Raw data>
+ + + + + + +
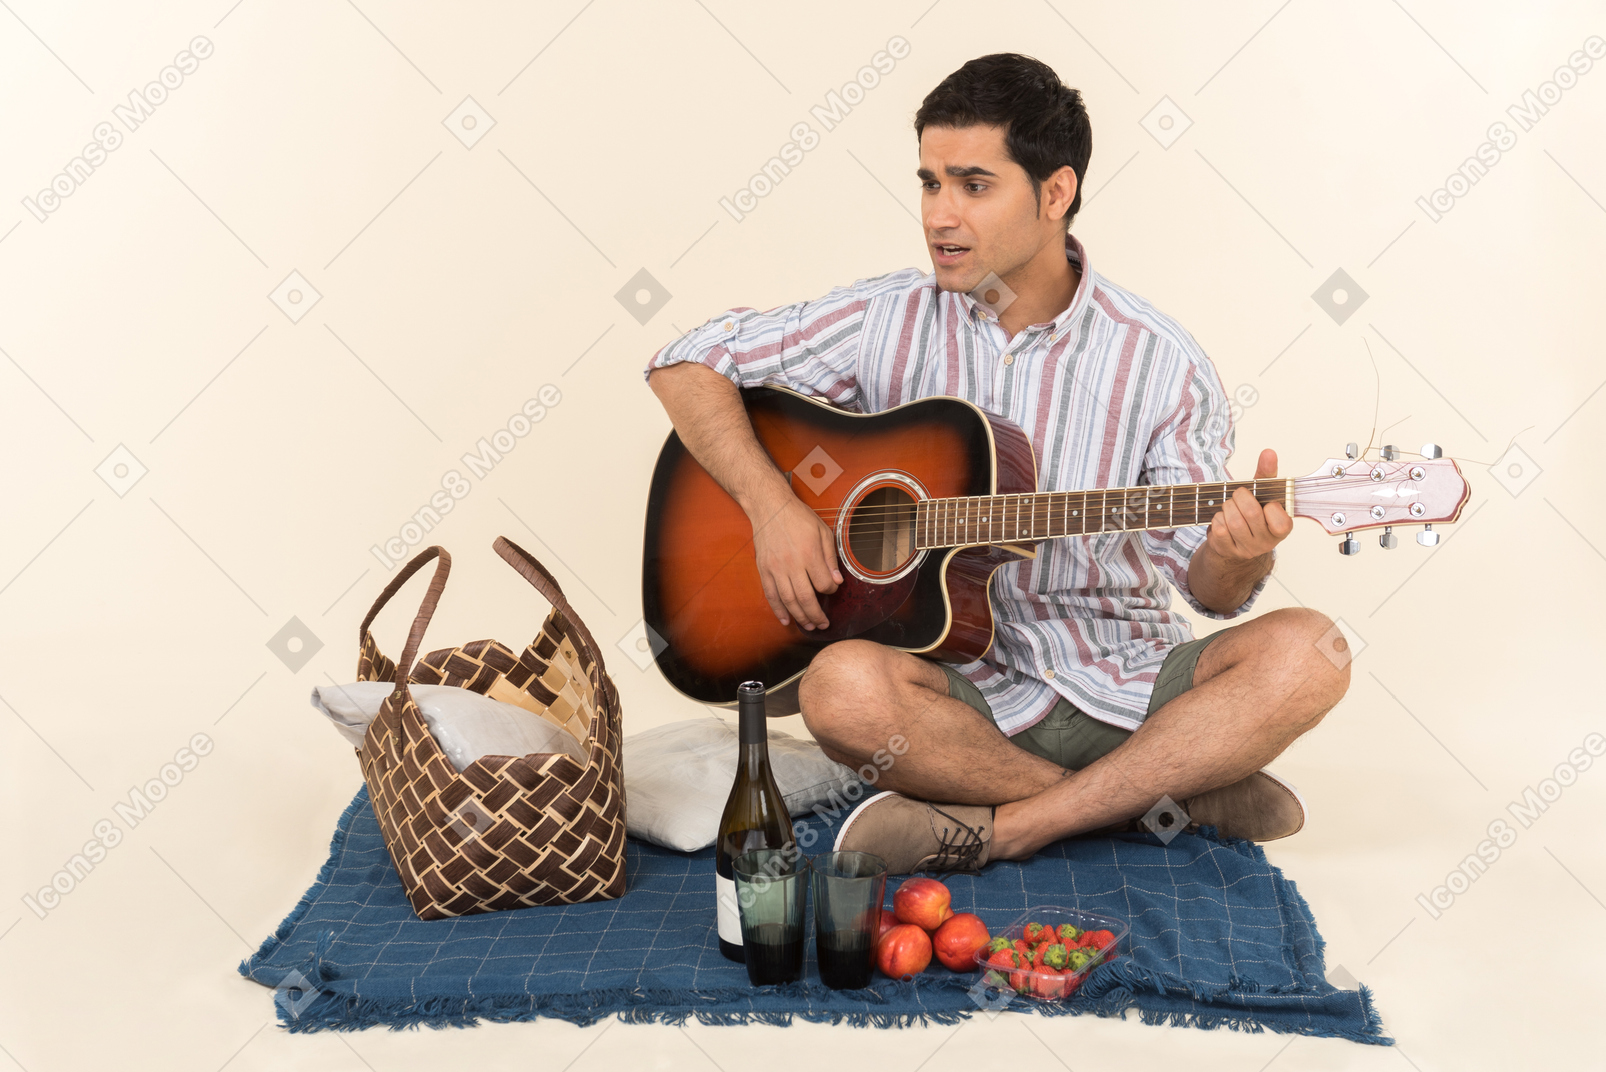 담요에 피크닉 바구니 근처에 앉아 기타를 연주하는 젊은 백인 남자
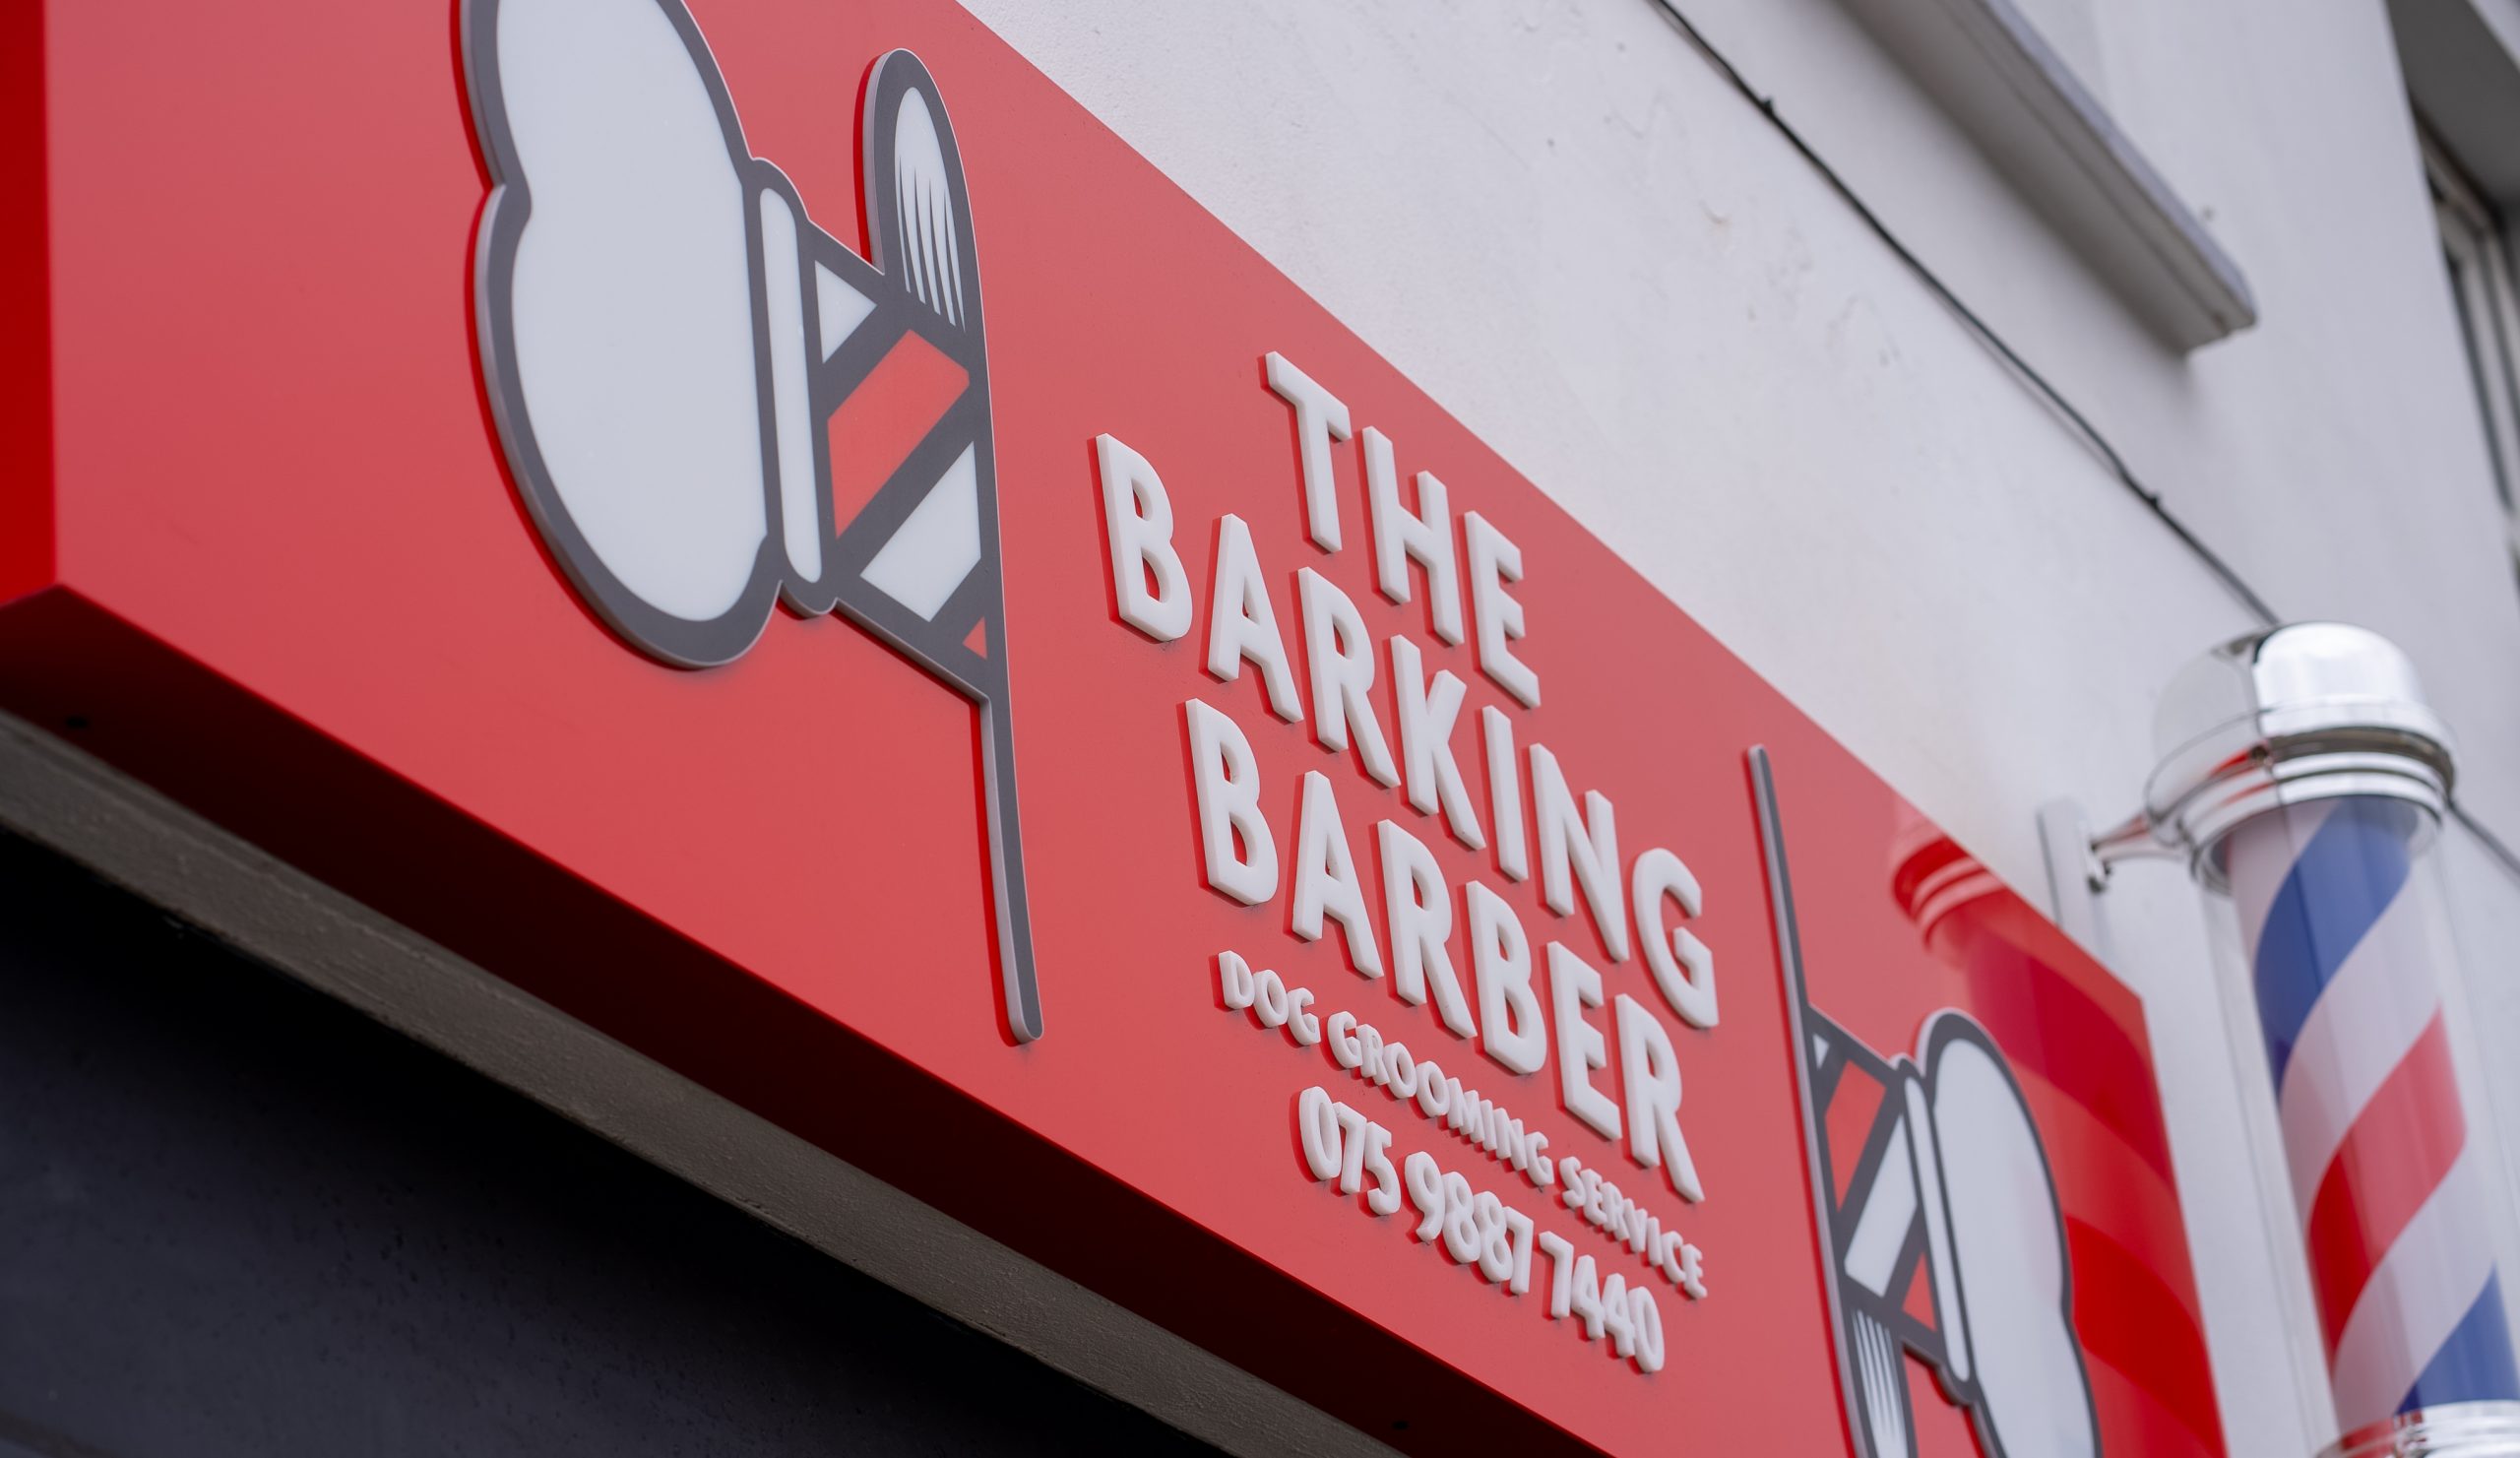 Barking Barber 3 scaled - Platform Media
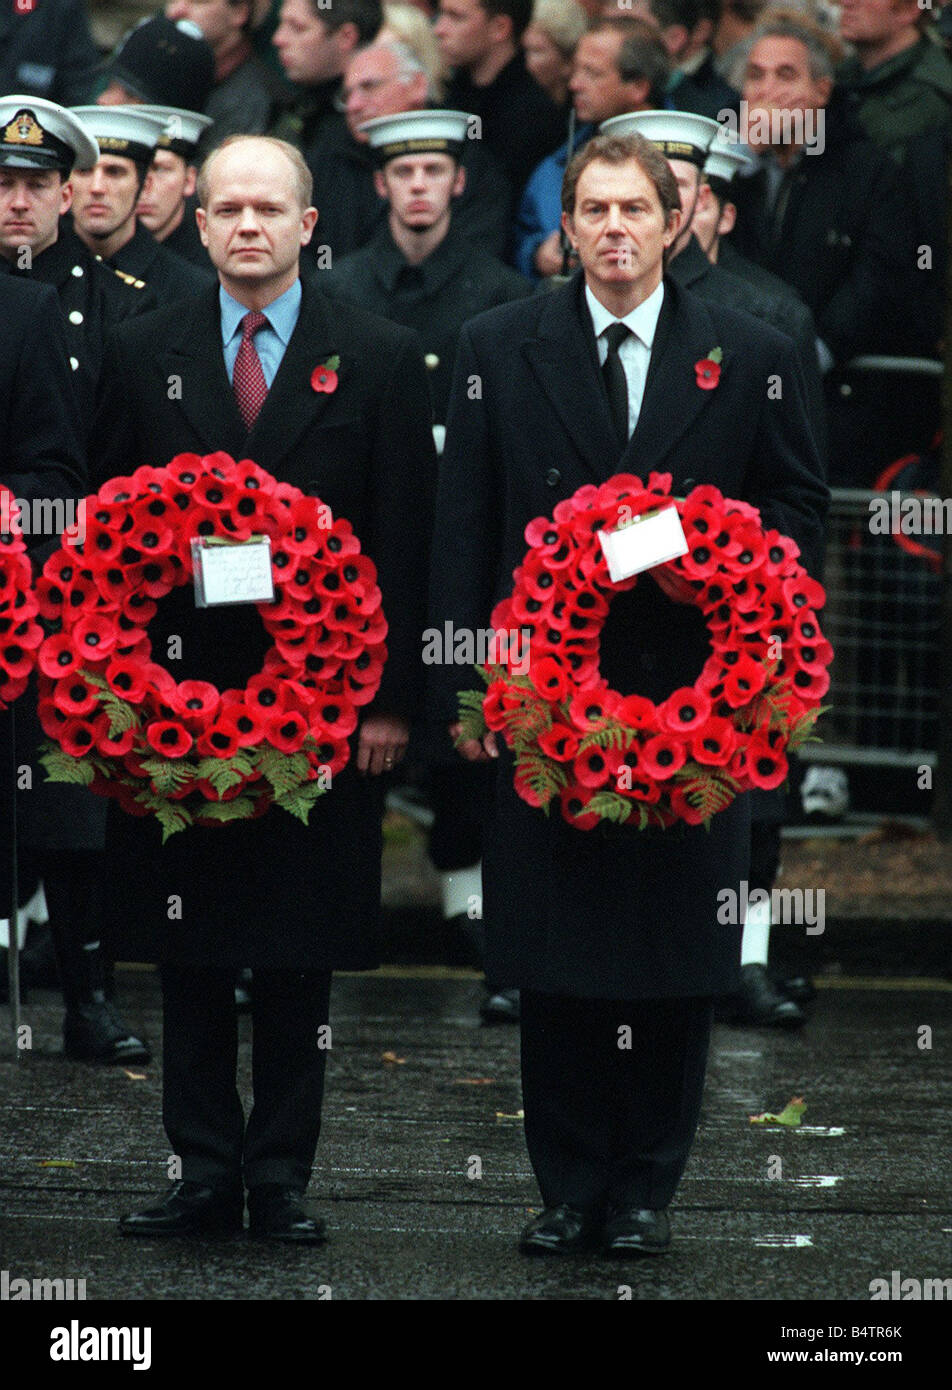 Premierminister Tony Blair und William Haag konservative MP Führer der Oposition bei der Kenotaph Whitehall halten Mohn Kränze am Tag der Erinnerung Stockfoto
+ + + + + + +
Exercise aim> Output the material word for word. Pictures do not go in.

Task response>
 담요에 피크닉 바구니 근처에 앉아 기타를 연주하는 젊은 백인 남자
 Barking Barber 3 scaled - Platform Media
 Premierminister Tony Blair und William Haag konservative MP Führer der Oposition bei der Kenotaph Whitehall halten Mohn Kränze am Tag der Erinnerung Stockfoto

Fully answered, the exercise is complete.